My kids: My arm hurts when I move it!!
Me: Then don’t do it.
I’m not a fan of having things on my wrist but I’d definitely get the Apple iCarceration ankle monitor
Son: I want a quinceañera.
Me: You can’t have one
Son: Why not?
Me: Just asking this makes me realize why you failed spanish 1 last year
*ps: he is also 16*
Went for a run last night and saw one of my neighbors already has his Christmas lights up
All I could think was, why the hell am I running rn?!
The longer this goes on, the harder it’s going to be to return to a society where pants are required.
If Anubis tried to weigh my heart to pass judgment on my eternal soul I would chase that dog with a vacuum cleaner
in 2nd grade we had to draw what we wanted to be when we grew up and i just drew myself with sunglasses on
I just sent a screen shot of my drunken tweets to my friends & they are still asking if I can come pick them up
The invisible woman had sex with the wolfman and now they’re expecting a where-wolf.
This might damage our relationship but I don’t use ketchup on fries
First woman that gave birth to twins was prolly like “????????”
Just been to see Benny from maintenance in hospital.

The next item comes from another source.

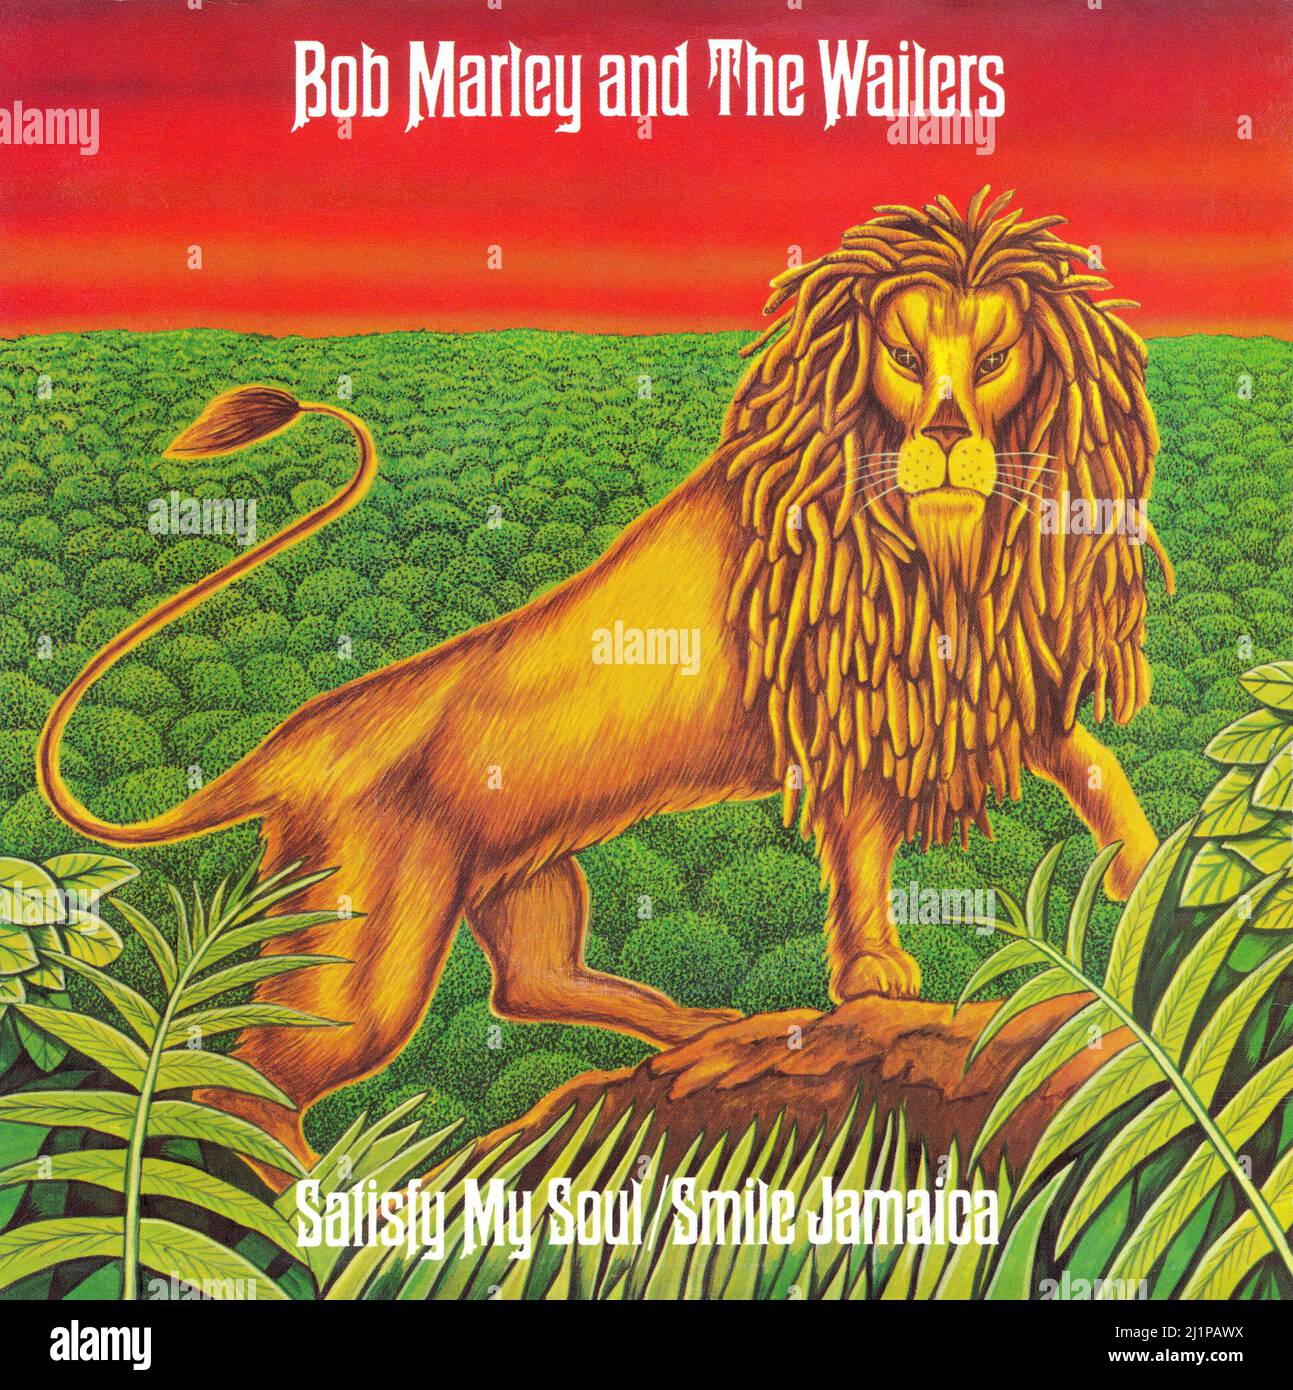 Frontcover der Schallplattenhülle für die UK 45 rpm Vinyl Single von Satisfy My Soul von Bob Marley und The Wailers. Herausgegeben auf dem Insel-Label am 26.. Mai 1978. Geschrieben von Bob Marley und produziert von Bob Marley und den Wailers. Stockfoto

He was putting up one of those boards that tell you have many days since the last accident and it fell on him.
I’m a conflict avoider until someone wants to share my food
(Person choking)
Heimlich: Would it help if I gave you a hug?
Sometimes I have hope for future generations, but then I watch a high school student pick a booger on a Zoom call.
Her + Gravity = 2001: A Space Odyssey
i wonder if jesus thinks about me when he’s on the toilet or if it’s a one way street
Handing out plastic easter eggs filled with baked beans for halloween this year.
My teen’s stories have a beginning, middle, and I need $20.
Might start docking extra points from students who aren’t smart enough to cheat on their distance learning vocab tests.
WIFE: Why is the zoo calling us about a missing coyote?
ME: [bleeding profusely] So… not a dog
I don’t think my wife realizes that the FREE SEX coupons I gave her last Valentine’s Day are about to expire.
Girl, are you Excel? Because I claim to know you but I’m probably oblivious to 98% of what you’re able to accomplish
Plot twist. He’s actually a beautiful woman pretending to be a gross boomer reply guy
Actual air attendant:
“Secure your mask before helping your kids.if you have multiple, pick the one with the highest earning potential 1st”
I’m God’s gift to women if he stopped at a gas station last minute.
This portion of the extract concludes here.